In this regard, a rapidly growing interest in the economic evaluation of CTs has emerged, with the inclusion of sections devoted to the use of healthcare resources.13 A specific resource-utilization sheet for identification and quantification purposes should be included in the study case report form, and data on resource consumption should be entered in the patient’s clinical record. The informed consent should include information on the type of costs to be recorded. Adequate training on the resources to be included in the studies is essential for both investigators and coordinators.

Conclusion

Rheumatology is one of the medical specialties in which clinical research has experienced fast growth in recent years, as shown by the increasing activity in our CRU since its creation in 2011. The conduct of CTs represents a key component of scientific and therapeutic development where safety, welfare, and dignity of participating subjects are consistently preserved; the integrity, reliability, and quality of the data collected are guaranteed; and savings for our healthcare system are obtained.
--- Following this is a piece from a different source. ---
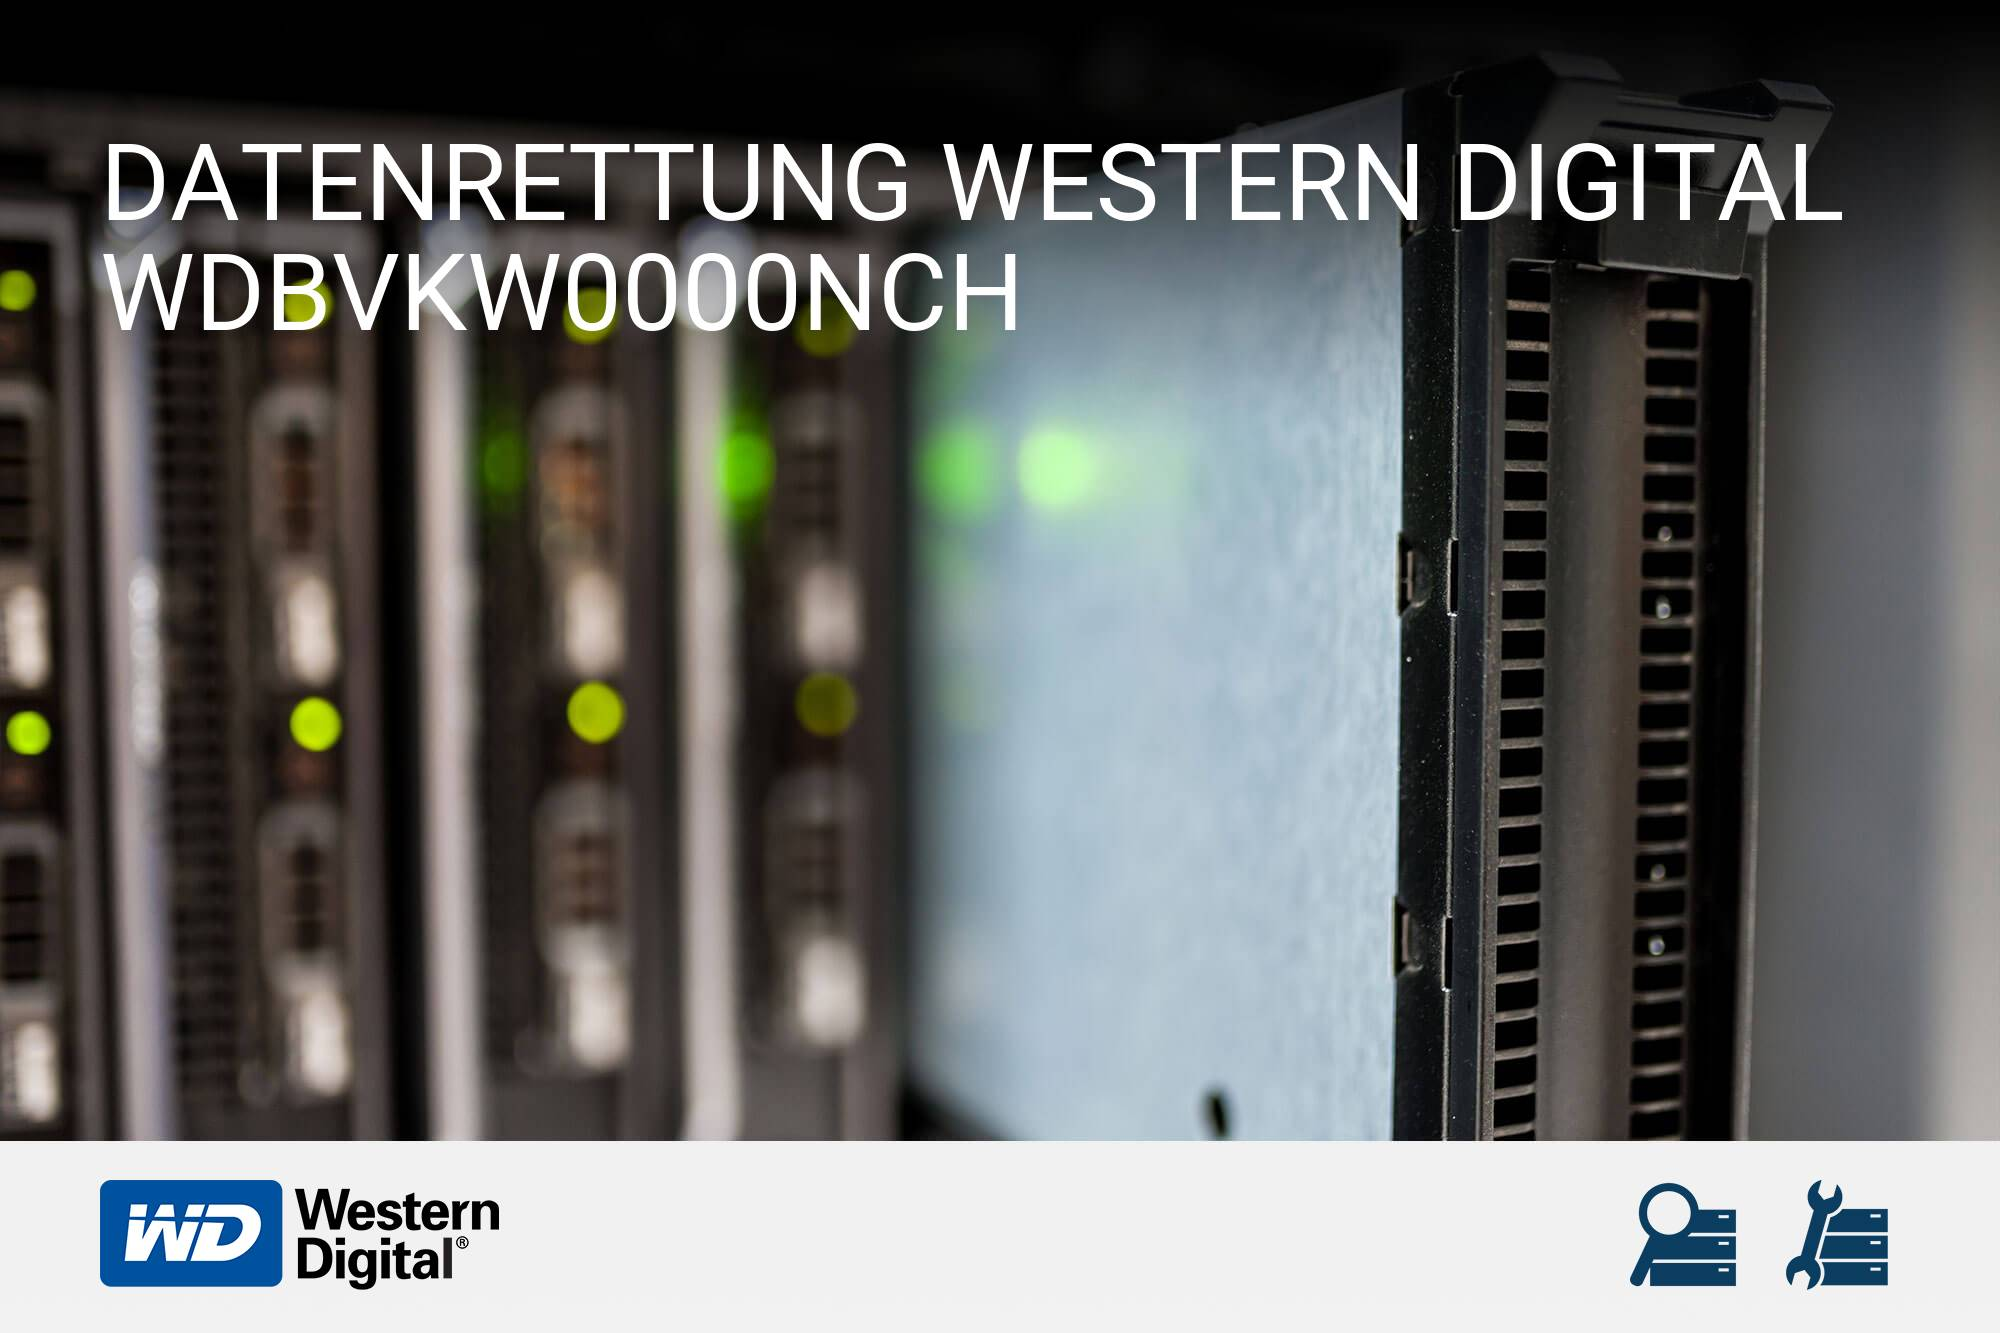 Western Digital WDBVKW0000NCH
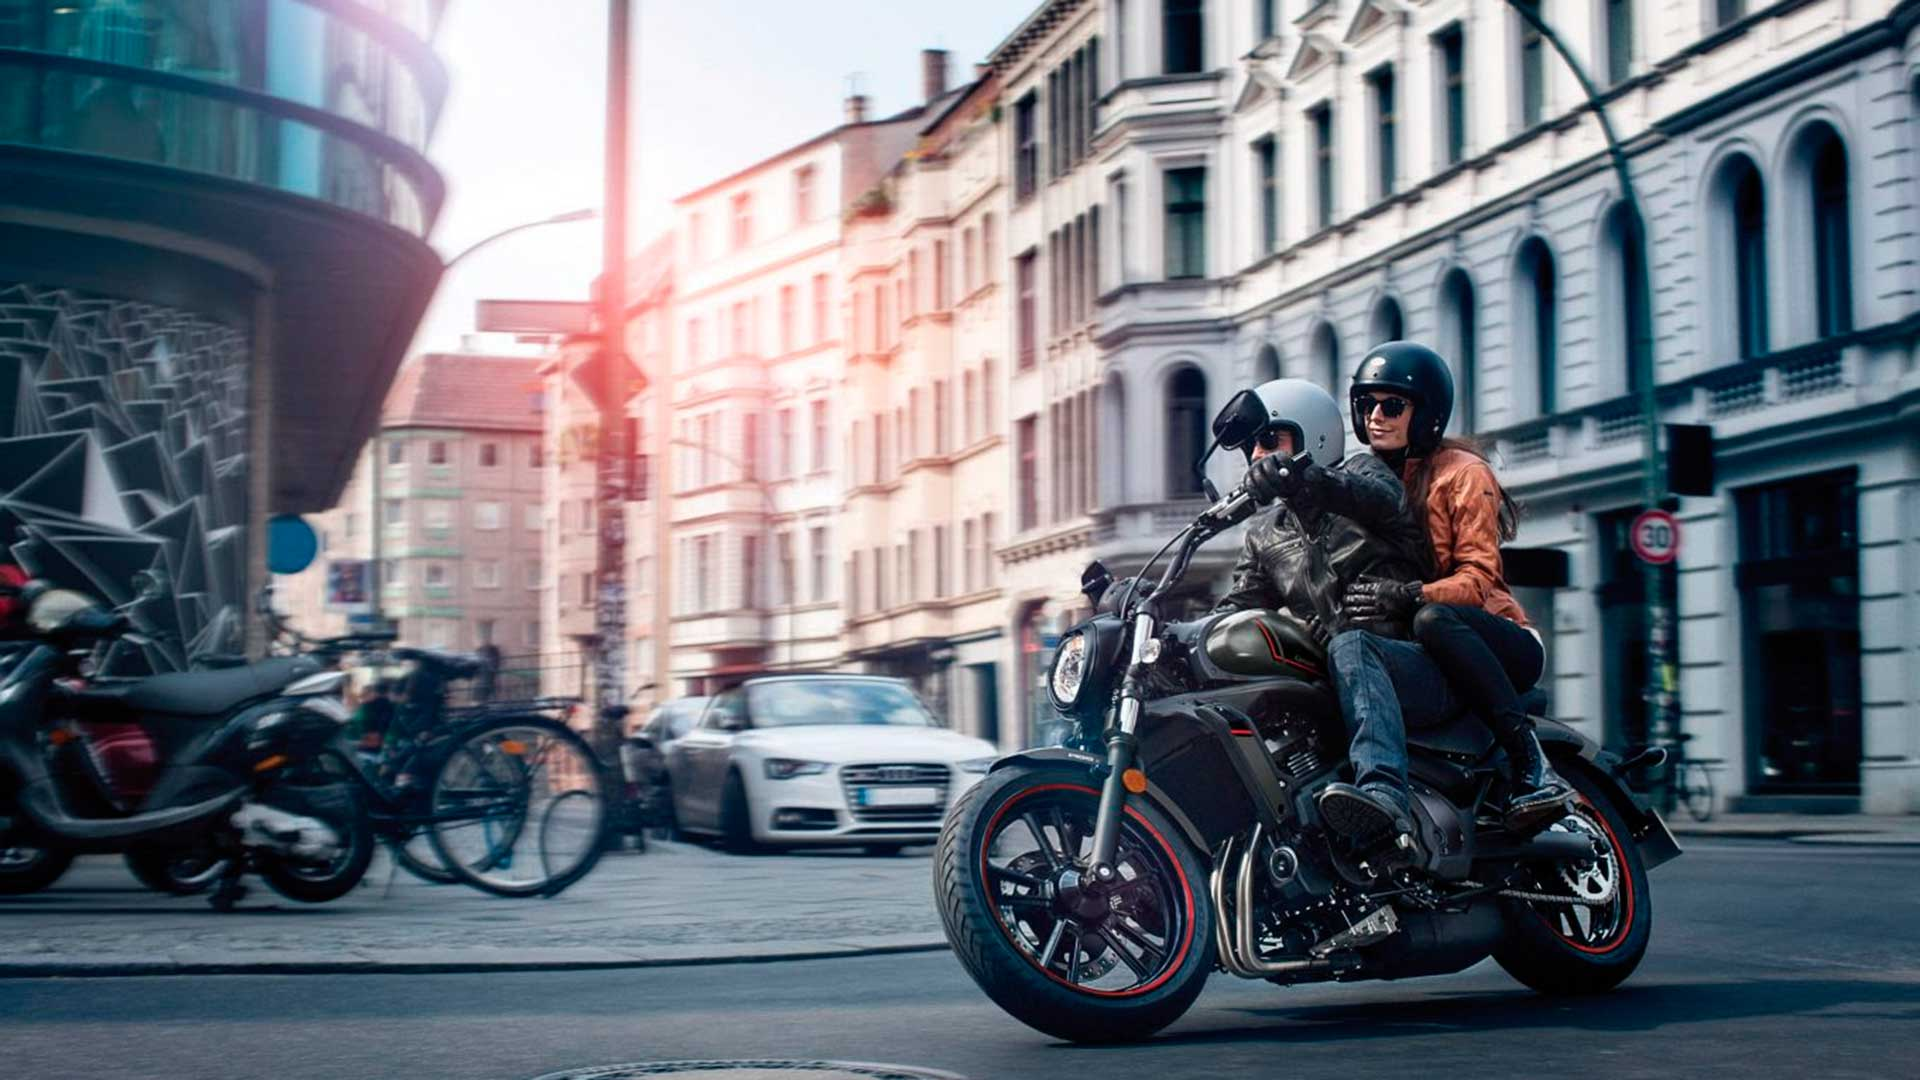 La moto en la ciudad: consejos de convivencia y enemigos

Thus, healthcare managers should consider CRUs not only as a means of strengthening the scientific fabric and the industrial development in their country but also as efficiency tools within their health system. As health professionals, we should adopt efficiency criteria for clinical decision making in a publicly funded healthcare system, to achieve the highest benefits for our entire population in a context of limited resources.

In summary, after the creation and implementation of our CRU, we managed to save a total amount of €13,935.30 per patient in CT per year. CRUs should be considered as an efficient tool for healthcare systems.